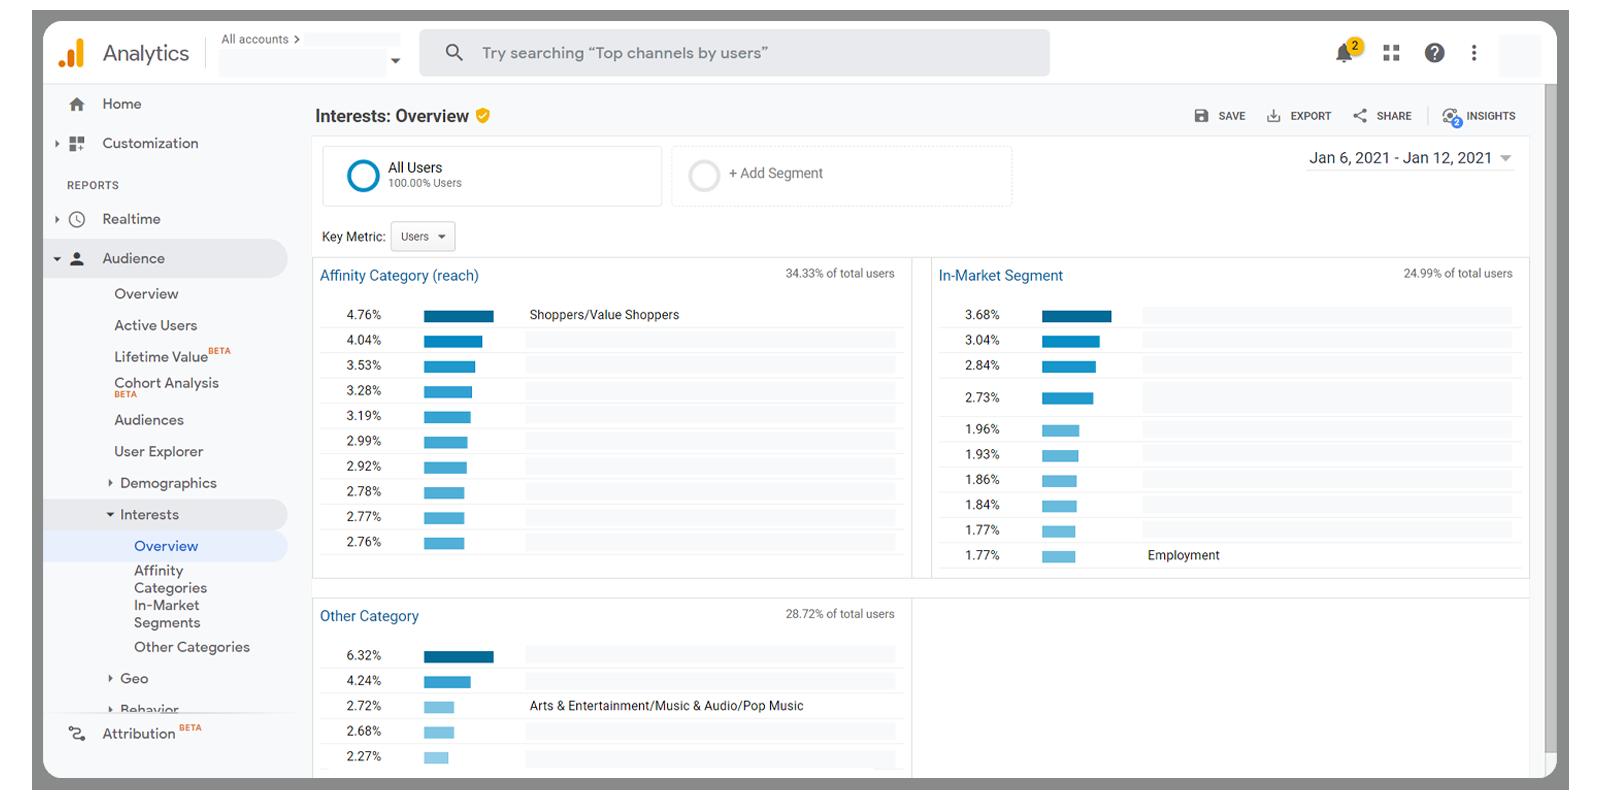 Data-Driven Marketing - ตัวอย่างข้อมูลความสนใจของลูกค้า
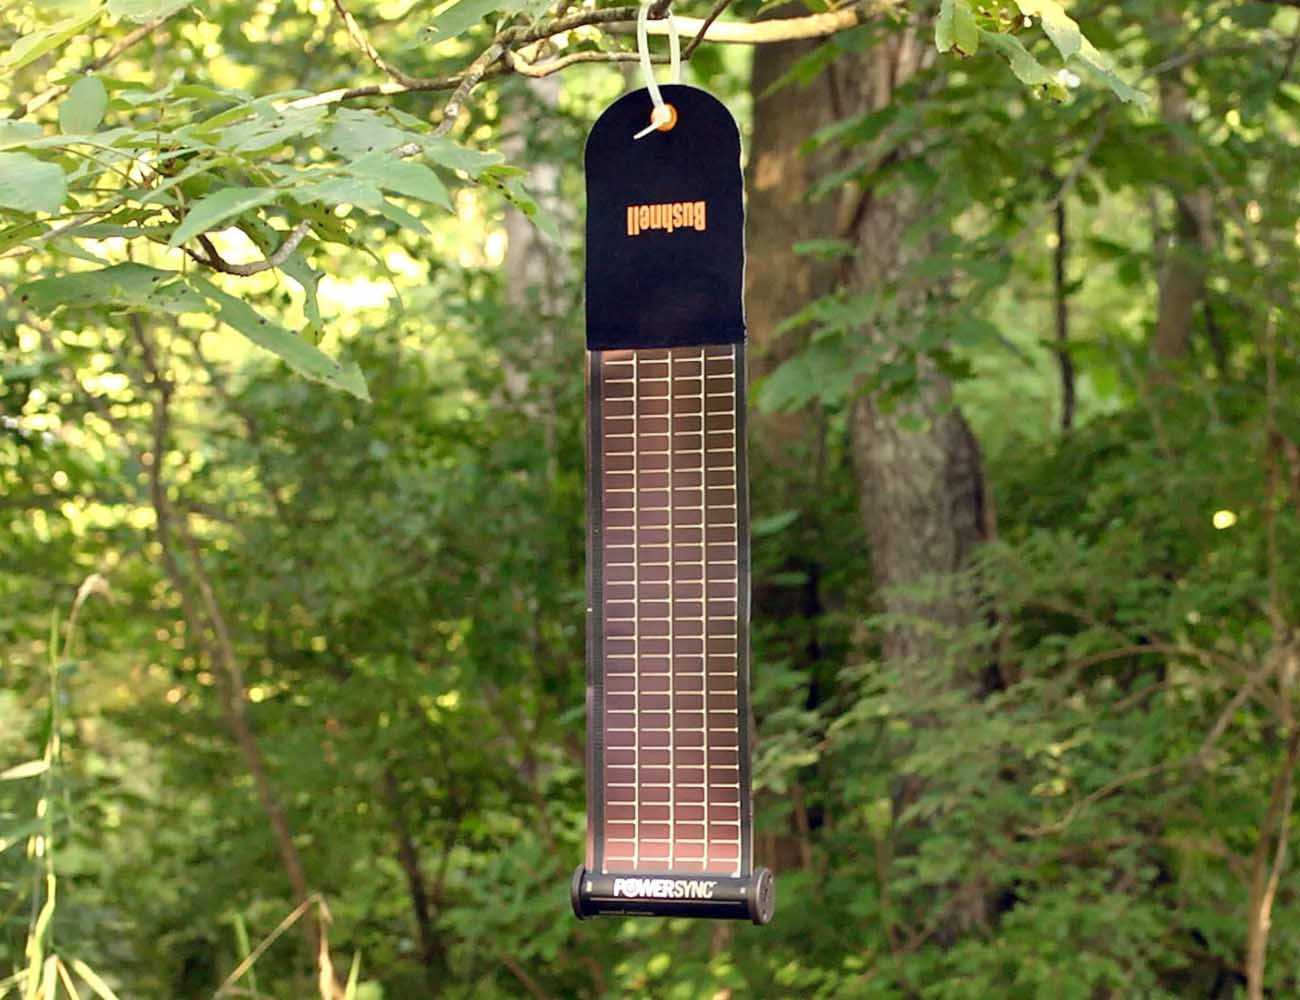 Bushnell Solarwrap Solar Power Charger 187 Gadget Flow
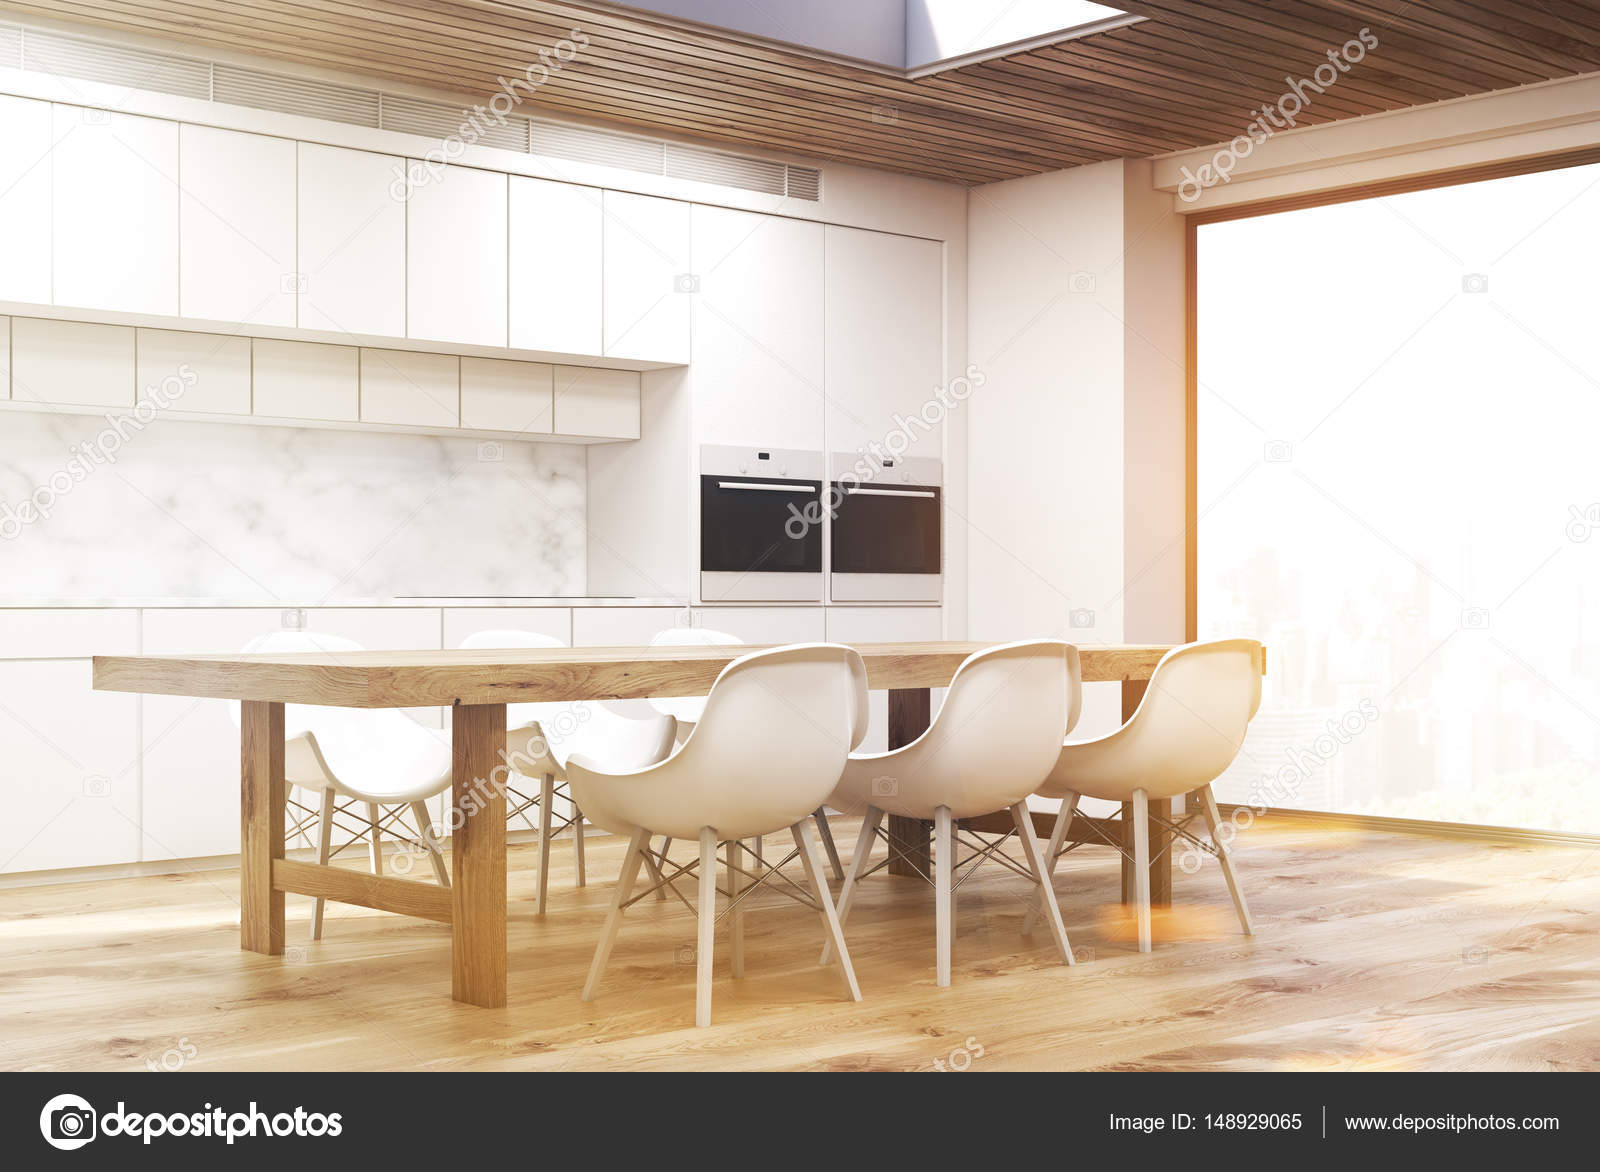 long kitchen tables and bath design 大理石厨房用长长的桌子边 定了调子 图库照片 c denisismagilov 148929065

◆ Exercise details: Omit the pictures and give the material again, exactly and in full.

◆ Written response:
 Data-Driven Marketing - ตัวอย่างข้อมูลความสนใจของลูกค้า
 Bushnell Solarwrap Solar Power Charger 187 Gadget Flow
 long kitchen tables and bath design 大理石厨房用长长的桌子边 定了调子 图库照片 c denisismagilov 148929065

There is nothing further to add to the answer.